Das war Charles Lomax zuviel. Bisher hatte er steif dagestanden und nichts begriffen. Unwillkürlich dachte er an das Blut in seinem Kaffeebecher. Er wußte selbst nicht, wie er darauf kam, aber dieser Vorfall hier war ebenso rätsel- und grauenhaft wie der erste.
Deshalb die gedankliche Verbindung.
Er sprang plötzlich vor, lief an den beiden wie erstarrt dastehenden Schauspielerinnen vorbei und grub seine Finger in Clint Gördens Schultern.
»Laß sie los!« schrie er. »Nein!« Görden hörte nicht.
Da schlug der Regisseur zu. Er klatschte dem Mann die flache Hand ins Gesicht.

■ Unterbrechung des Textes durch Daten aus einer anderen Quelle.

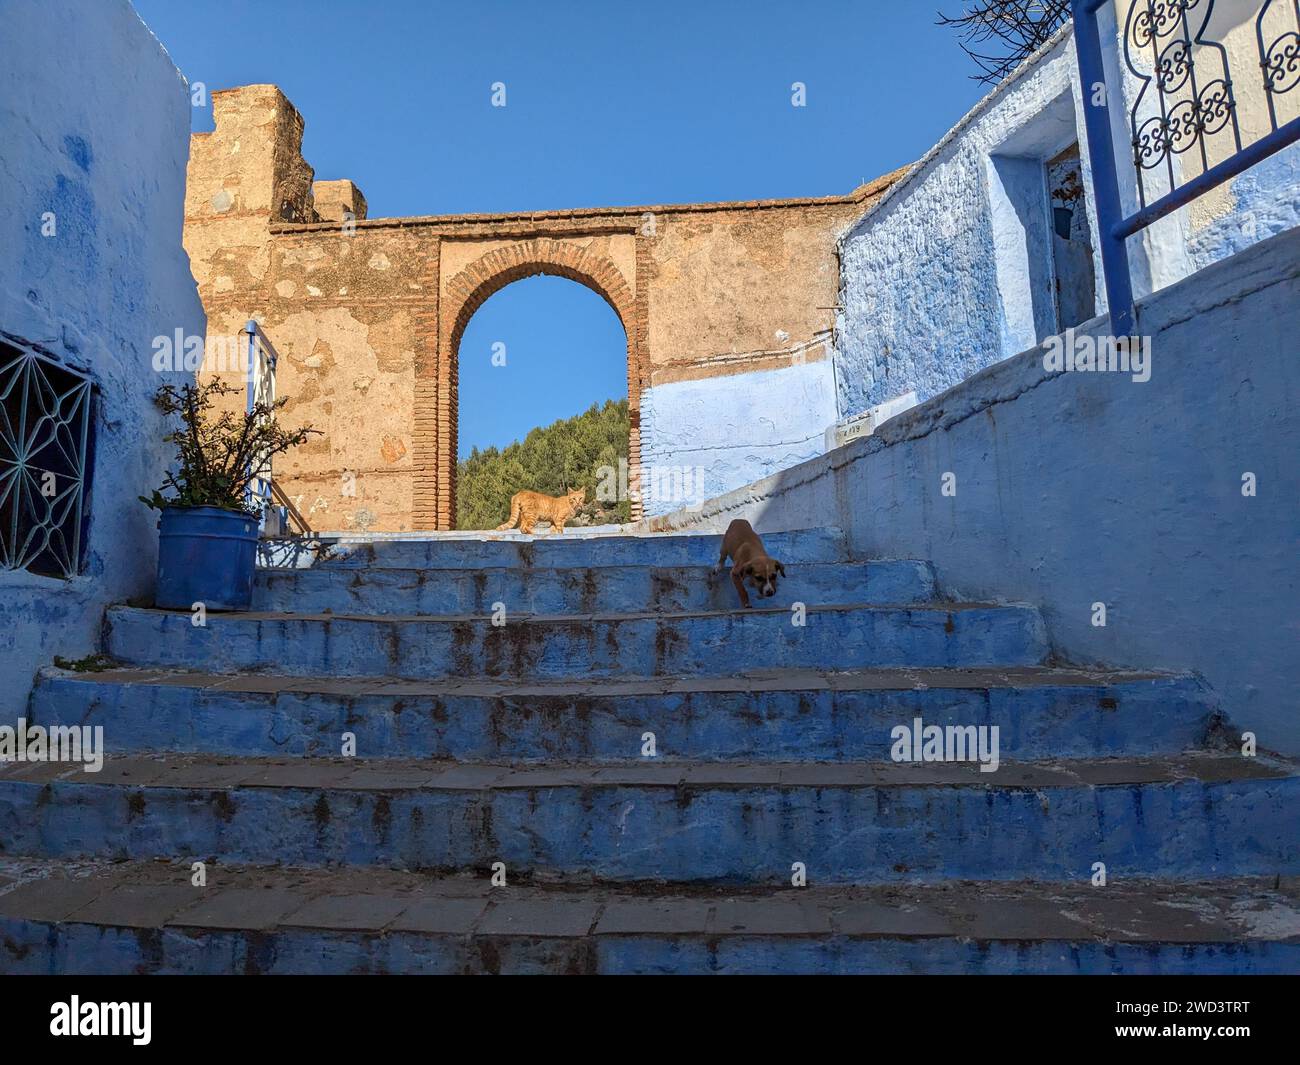 Fantastischer Blick auf die Straßen in der blauen Stadt Chefchaouen. Lage: Chefchaouen, Marokko, Afrika. Künstlerisches Bild. Auch Blaue Perle genannt Stockfoto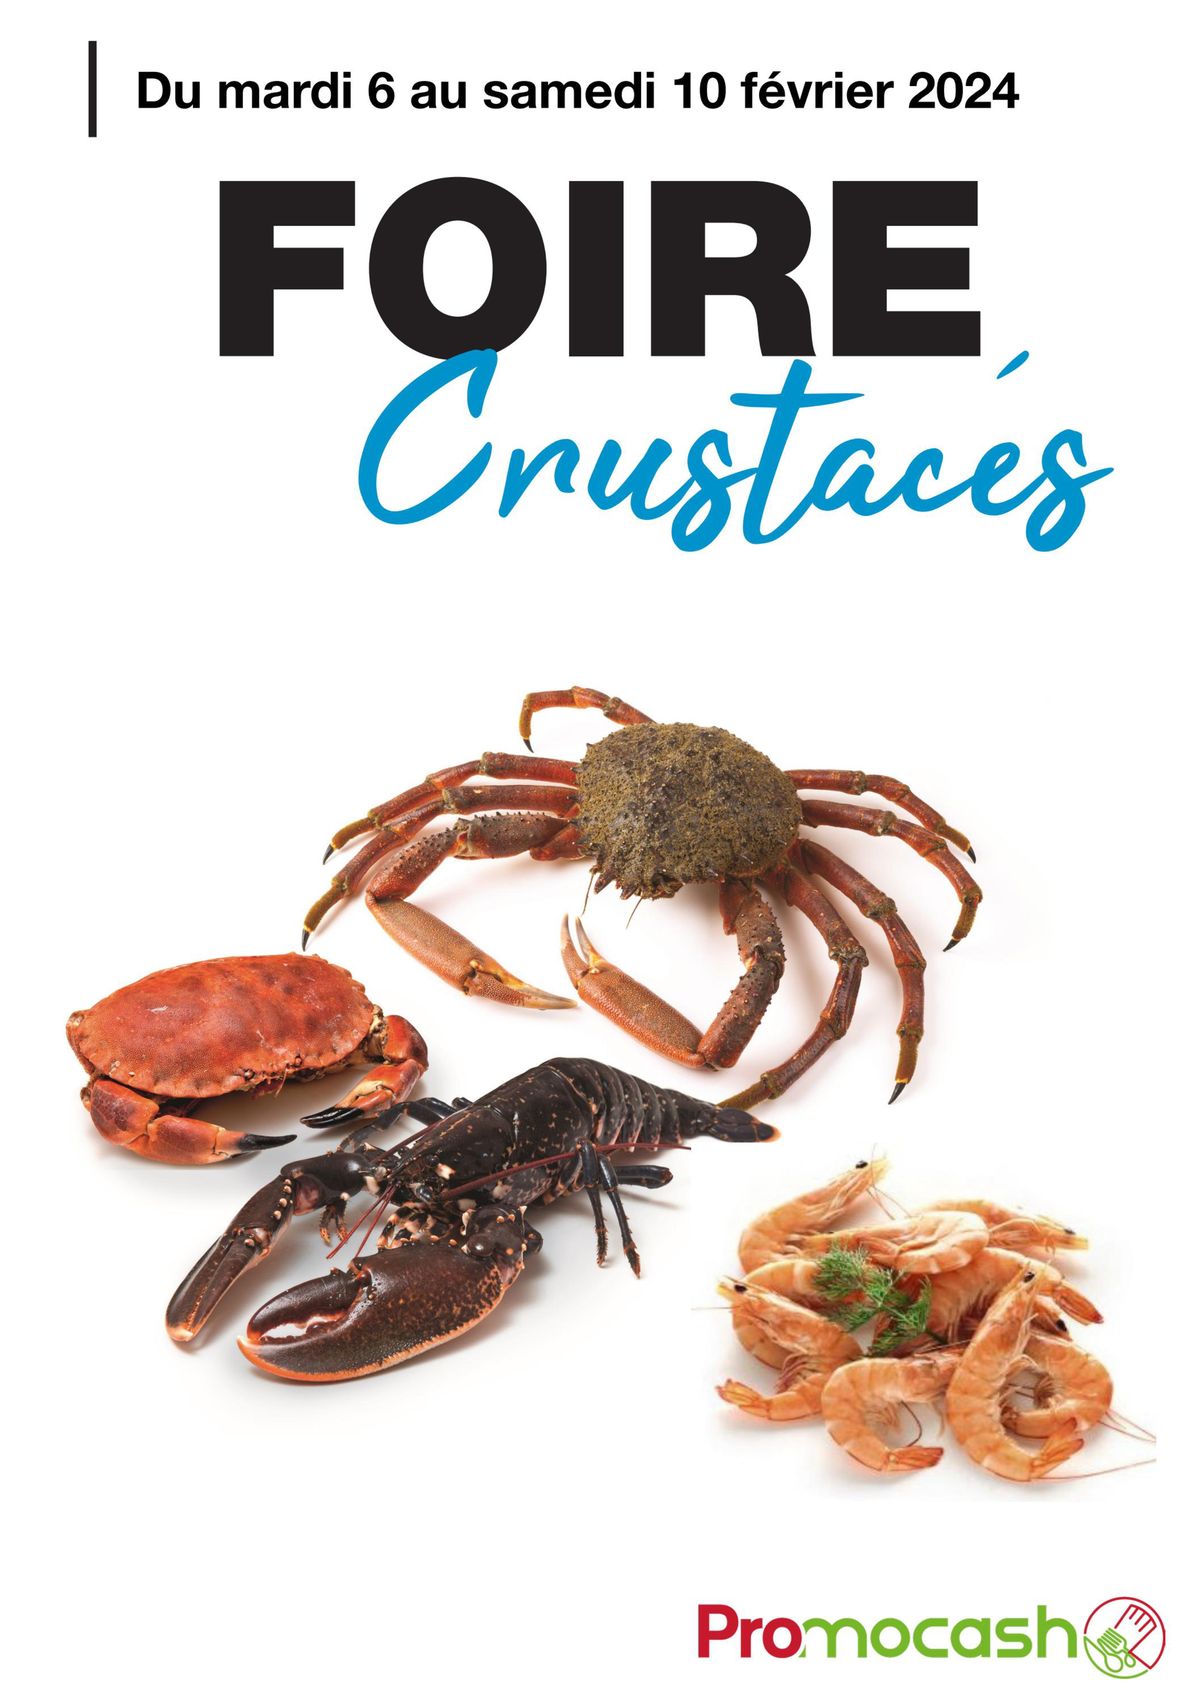 Catalogue Foire crustacés, page 00001

Görden zuckte zusammen, sein Kopf flog nach rechts, er löste tatsächlich den Würgegriff, ging zwei Schritte zur Seite, blieb stehen und streckte beide Arme aus, wobei er zusätzlich noch die Finger spreizte.
»Ihr habt was gegen mich. Ihr wollt mir alle an den Kragen. Ihr wollt mich töten!«
Er brüllte so laut, daß seine Stimme im Zuschauerraum ihr schauriges Echo fand.
»Niemand will dich töten«, redete Charles Lomax mit ruhiger Stimme auf den Mann ein. »Wirklich niemand.«
»Doch, ihr…«
»Nein, Clint.«
Görden schluchzte auf und vergrub sein Gesicht in beide Hände.
Er stand da wie Jill, die er hatte erwürgen wollen.
Auch Mara hatte es in dem Souffleurkasten nicht mehr ausgehalten. Sie war auf die Bühne gelaufen und hatte die letzten Szenen mitbekommen. Mara fand ebenfalls keine Erklärung.
Peinliches Schweigen breitete sich aus. Auch die restlichen beiden Schauspielerinnen – kreidebleich im Gesicht – hatten ihre Arme sinken lassen. Die Messer hielten sie noch immer fest.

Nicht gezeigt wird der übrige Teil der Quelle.